Comparing our Design
Existing Solution
- Fifteen protected 12V Outputs
- No protected 8V Outputs
- No protected 5V Outputs
- Fixed Design
- No PWM Control
- 260 grams
- Current Sensing
- No Shutdown Circuit
- 11 x 13 cm
- Limited CAN Features
Our PDM
- Sixteen protected 12V Outputs
- One protected 8V Output
- Eight protected 5V Outputs
- Customizable Design
- PWM Control
- 140 grams
- Current Sensing
- Shutdown Circuit
- 17 x 12 cm
- Unlimited CAN Features
HOW OUR DESIGN ADDRESSES PRACTICAL ISSUES
When designing an electrical system, engineers must take special care to ensure that the power being supplied to all the electrical components will meet specifications. As such, the design of a safe and reliable power distribution system is critical for ensuring the success of any project that involves electrical systems. In a high-performance automotive application, key design considerations for a power distribution system must also consider minimizing mass, size, and overall complexity.

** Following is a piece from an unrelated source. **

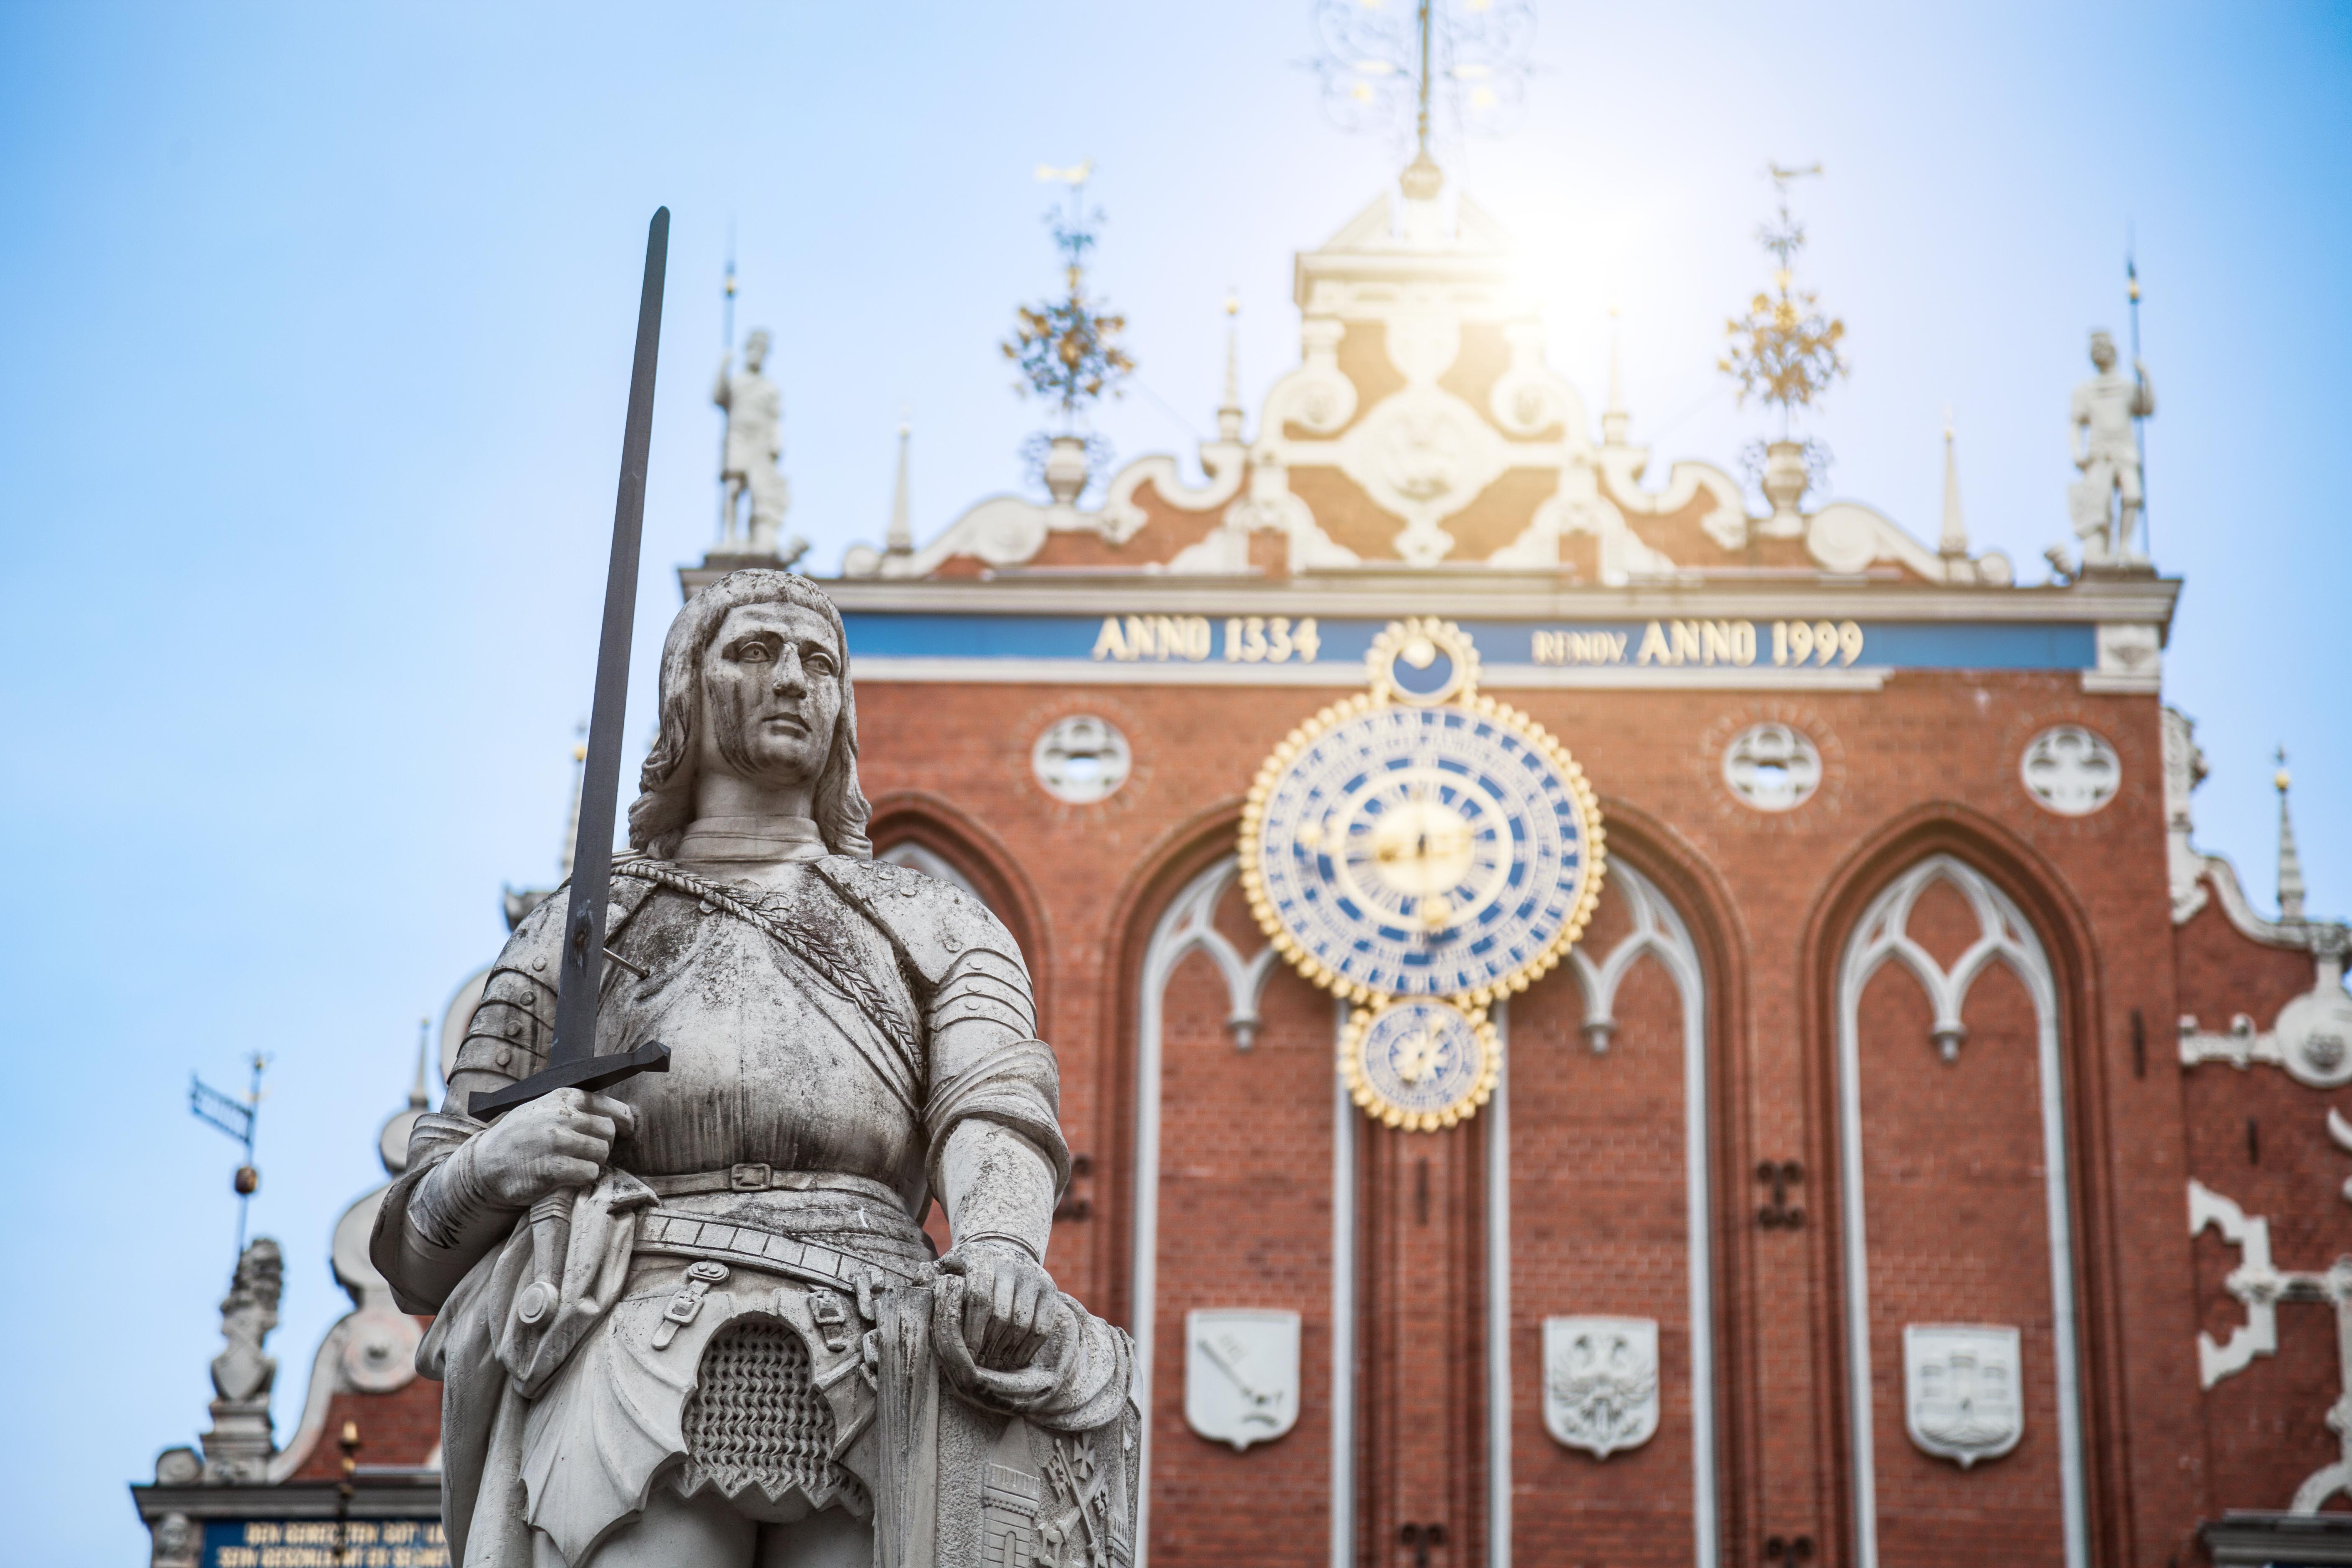 ¿Un edificio de Cabezas Negras? - Lituania Circuito Repúblicas Bálticas

A basic design alternative for power management in an automotive application is the use of fuses. While fuses do protect electrical components in the event of an overcurrent scenario, they are relatively heavy and occupy lots of space, which hinders the performance of a race car. Previously, SR chose to distribute power using a third-party device. While the third-party product offered many benefits when compared to the basic fuse alternative, the device did not have enough power outputs, lacked customizability, was high cost, and required the use of additional external circuitry to power necessary devices on the car.
Our solution has been designed to meet both the race car’s current and future power distribution requirements. At the same time, it minimizes complexity by consolidating all additional circuits and the design is highly compact which minimizes the overall mass and size. The design features numerous safety features and is highly cost-effect when compared to the third-party power distribution product.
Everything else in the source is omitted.